> _Exercise prompt_: Would you transcribe the whole listing exactly, minus its pictures?

> _Provided material_:
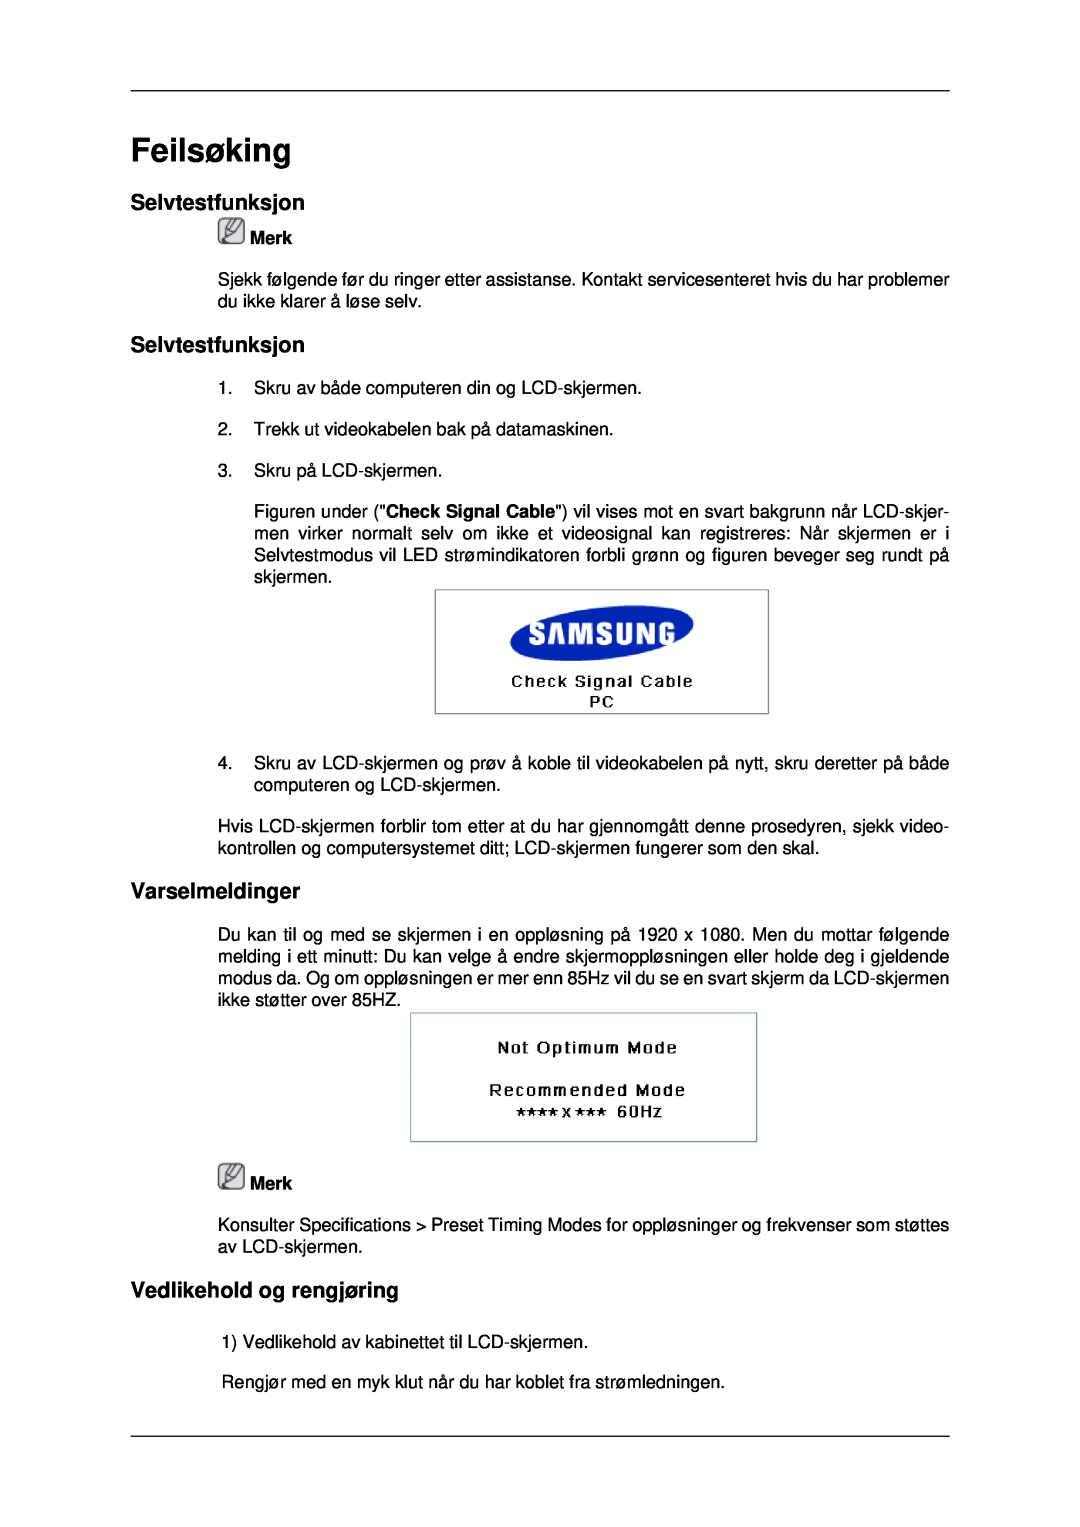 Samsung LH46MRTLBC/EN, LH46MRPLBF/EN manual Feilsøking, Selvtestfunksjon, Varselmeldinger, Vedlikehold og rengjøring, Merk 
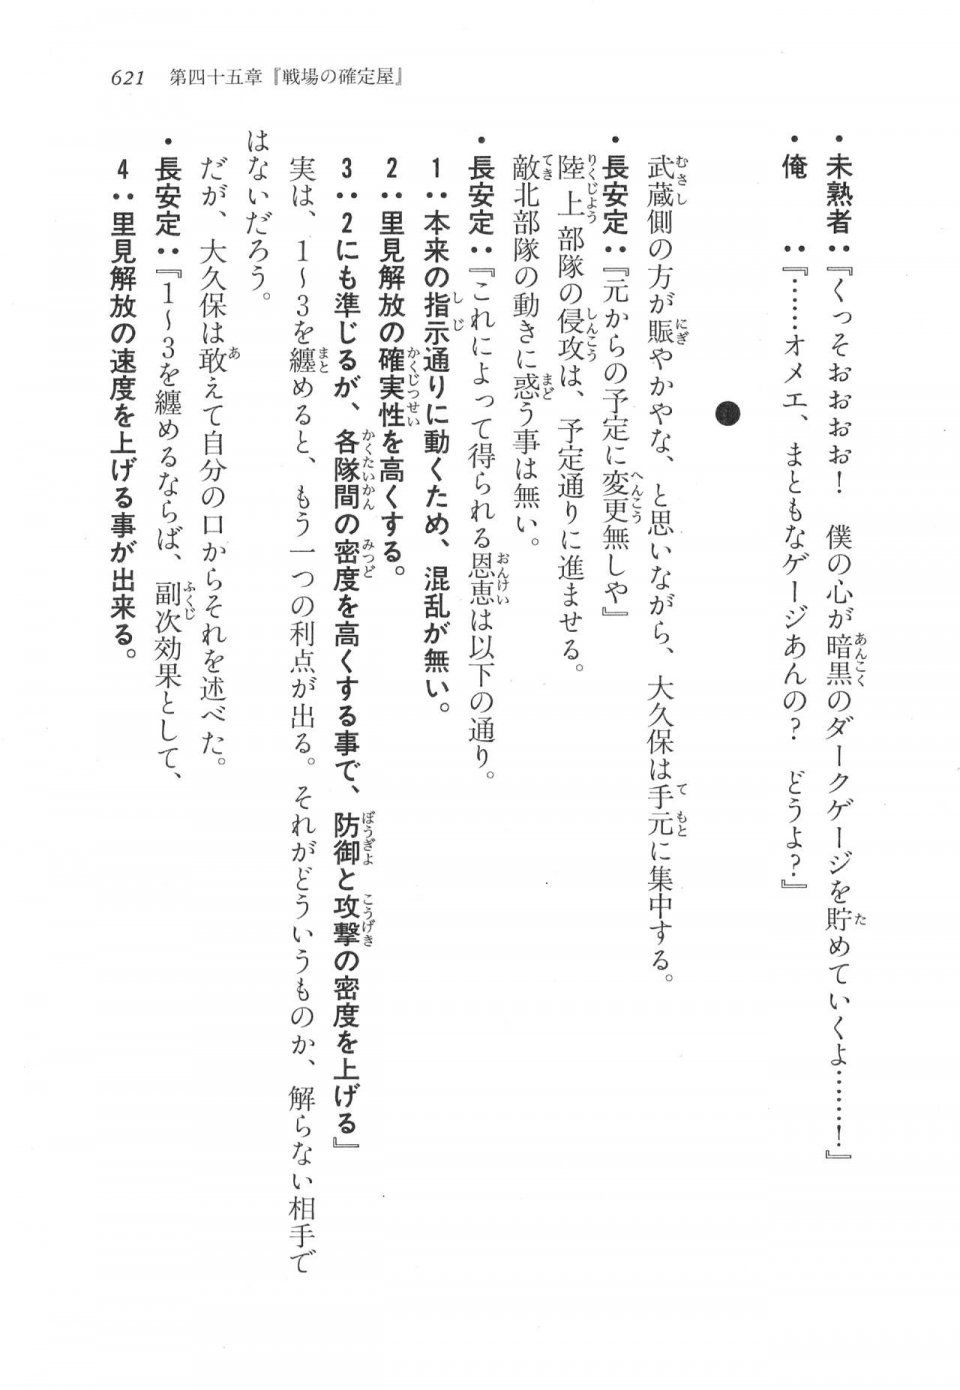 Kyoukai Senjou no Horizon LN Vol 17(7B) - Photo #623
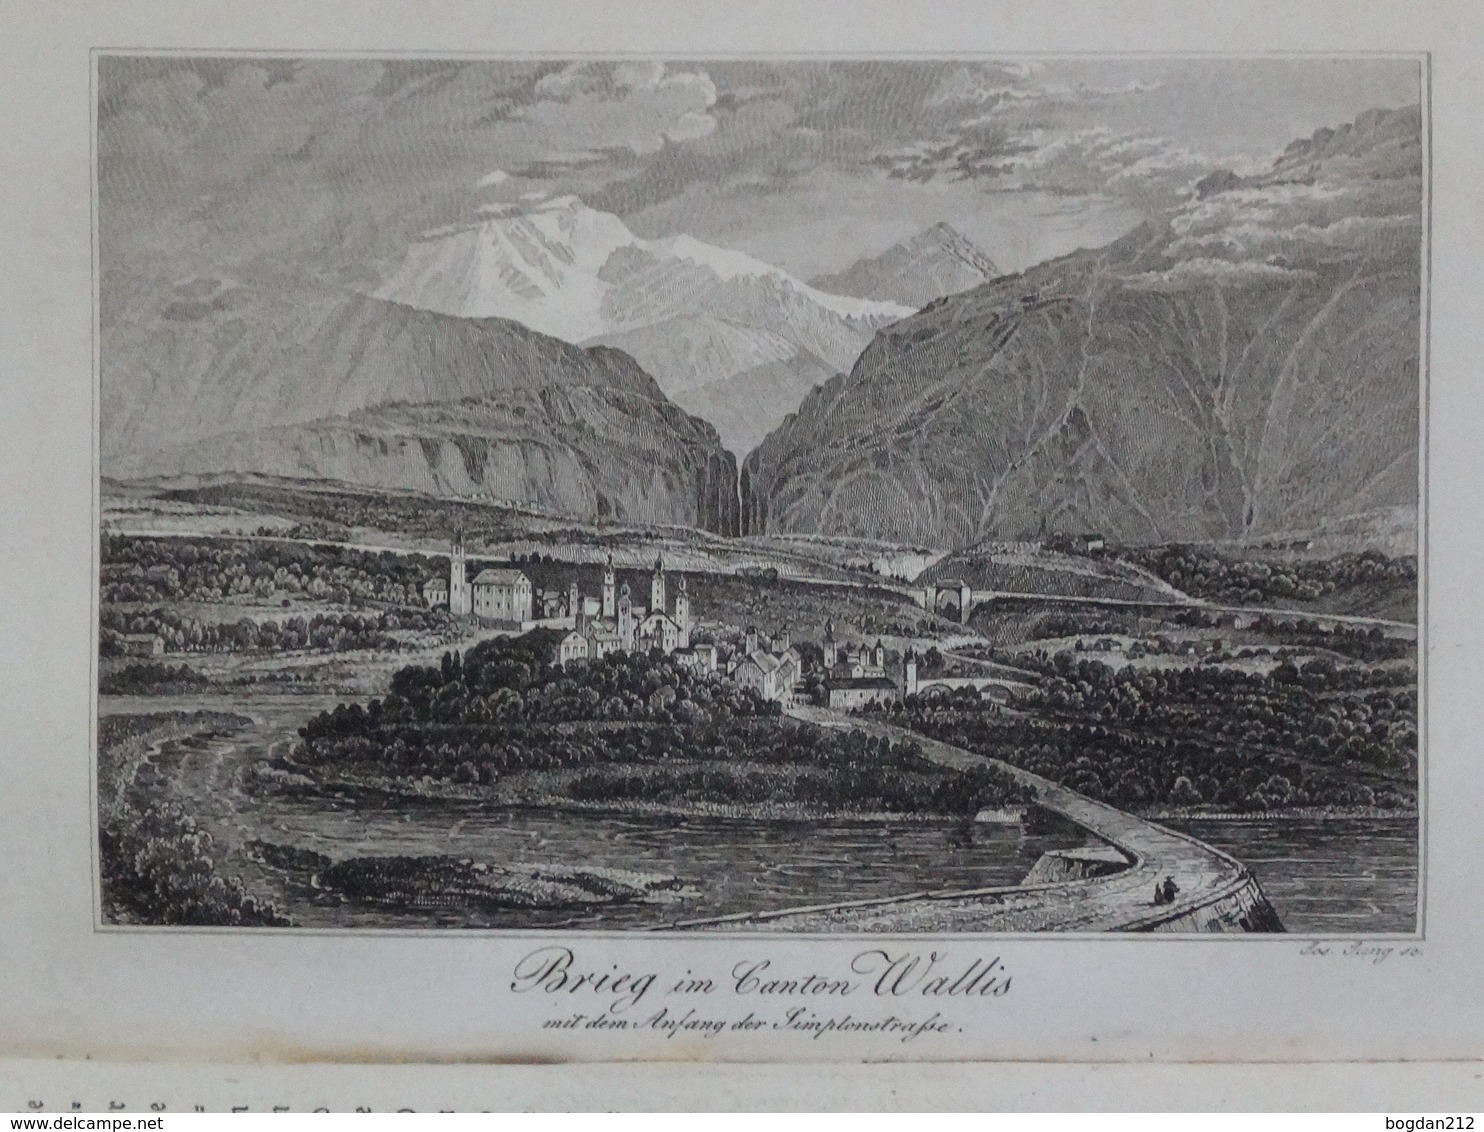 1831 - GEMALDE DER SCHWEIZ, Dr.Neigebaur, 496 Seite mit Alte Stiche (Kupfern).

> _Completed task_:
 Samsung LH46MRTLBC/EN, LH46MRPLBF/EN manual Feilsøking, Selvtestfunksjon, Varselmeldinger, Vedlikehold og rengjøring, Merk 
 Kyoukai Senjou no Horizon LN Vol 17(7B) - Photo #623
 1831 - GEMALDE DER SCHWEIZ, Dr.Neigebaur, 496 Seite mit Alte Stiche (Kupfern).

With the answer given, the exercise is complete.